Mercury and cyanide are widely used because they are cheap and available from merchants, who may also buy the gold.
But efforts to curtail the use of mercury and cyanide from artisanal mining remain fitful. The 2013 Minamata Convention — a global treaty named after the Japanese city that suffered an epidemic of neurological diseases caused by mercury waste discharged from a chemical factory — aims to regulate environmental exposure, but stops short of an outright ban.
Some countries do have formal bans. Sudan announced a ban on both mercury and cyanide in gold mining in 2019, following protests.
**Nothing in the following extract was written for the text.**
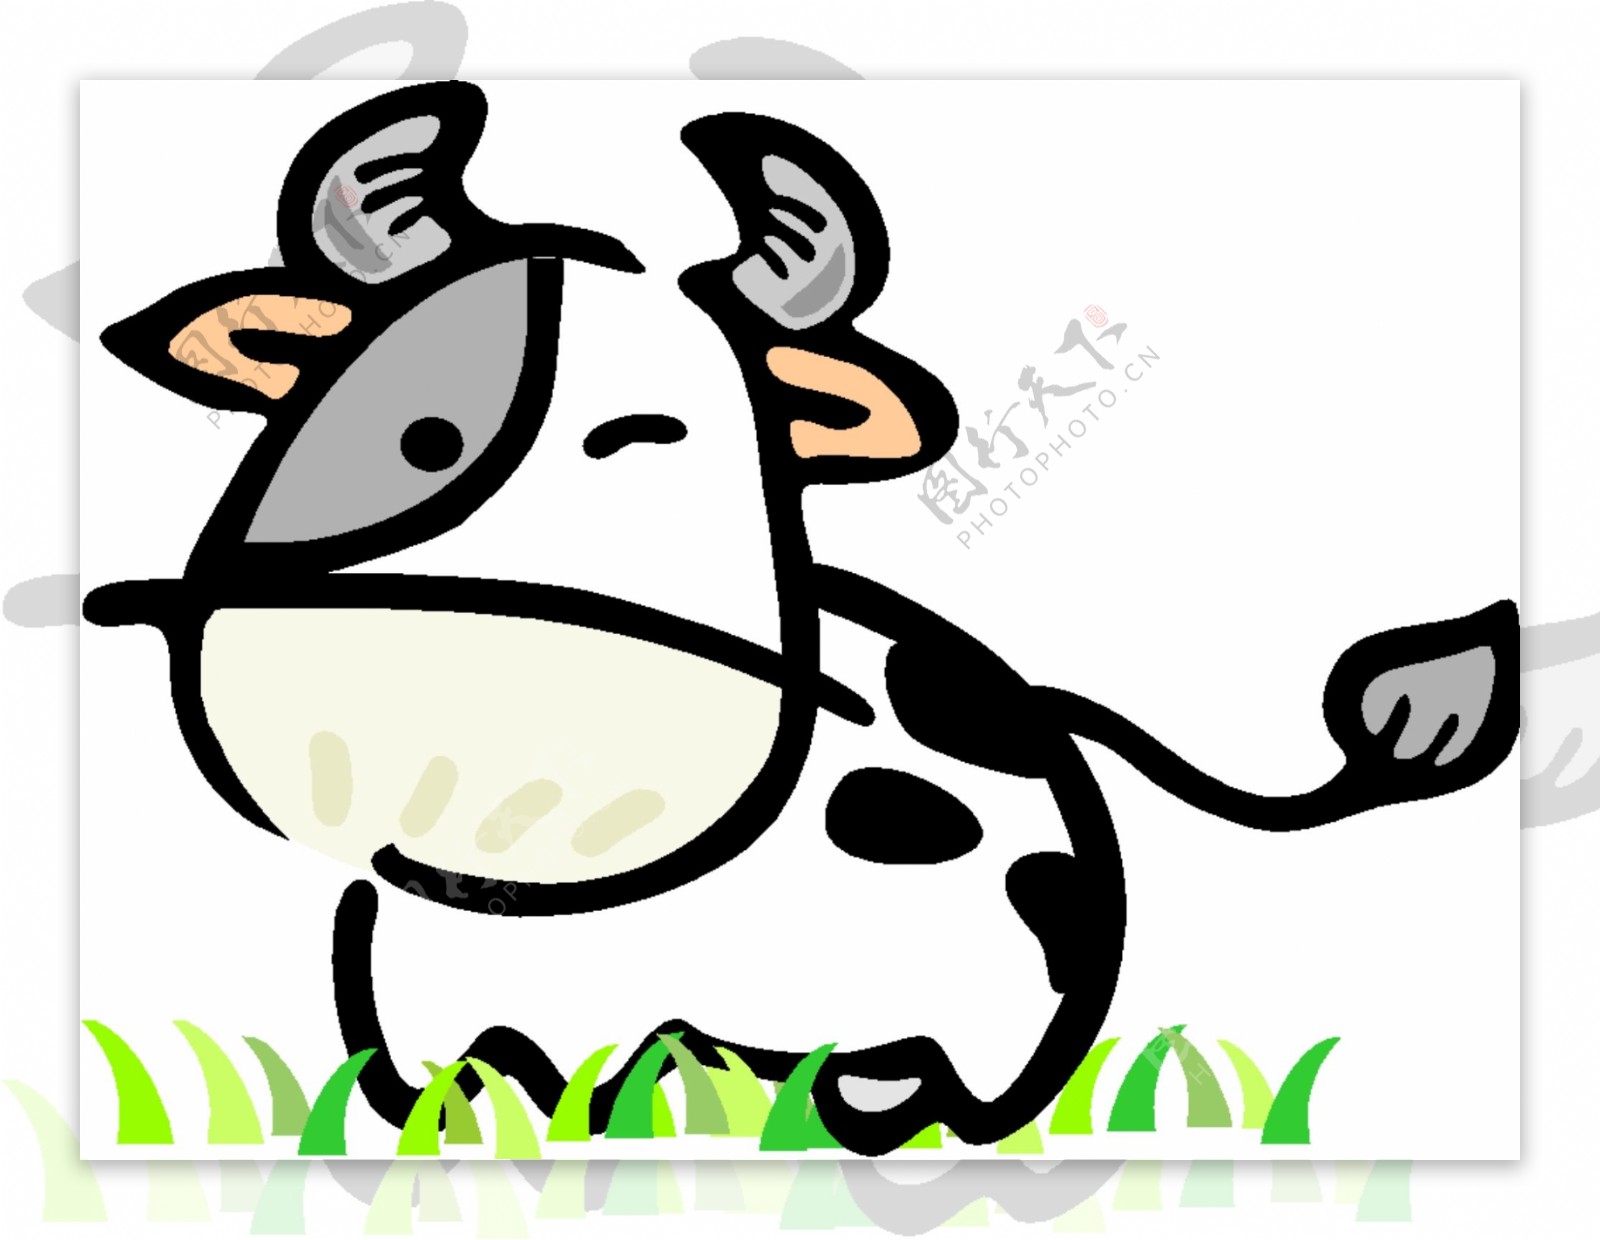 Q版中国传统12生肖丑牛

But enforcement is rare, and the toxic chemicals remain widely used, because they are cheap and easily available from merchants, who may also buy the gold. “Everyone knows how dangerous they are, but these companies just don’t care,” says Elsaim.
With war paralyzing the country, many see the unchecked use of toxic chemicals as just one symptom of a deeper collapse, with environmental, economic, and humanitarian consequences that are still unfolding.
In 2022, the UN Special Rapporteur on toxics and human rights, Marcos Orellana, called for a global ban on mercury’s use and trade for artisanal gold mining. But for now, the activities of small-time gold diggers remain the largest source of mercury pollution on Earth, responsible for around a third of all releases. And nowhere is the contamination on a scale as wide as in Sudan.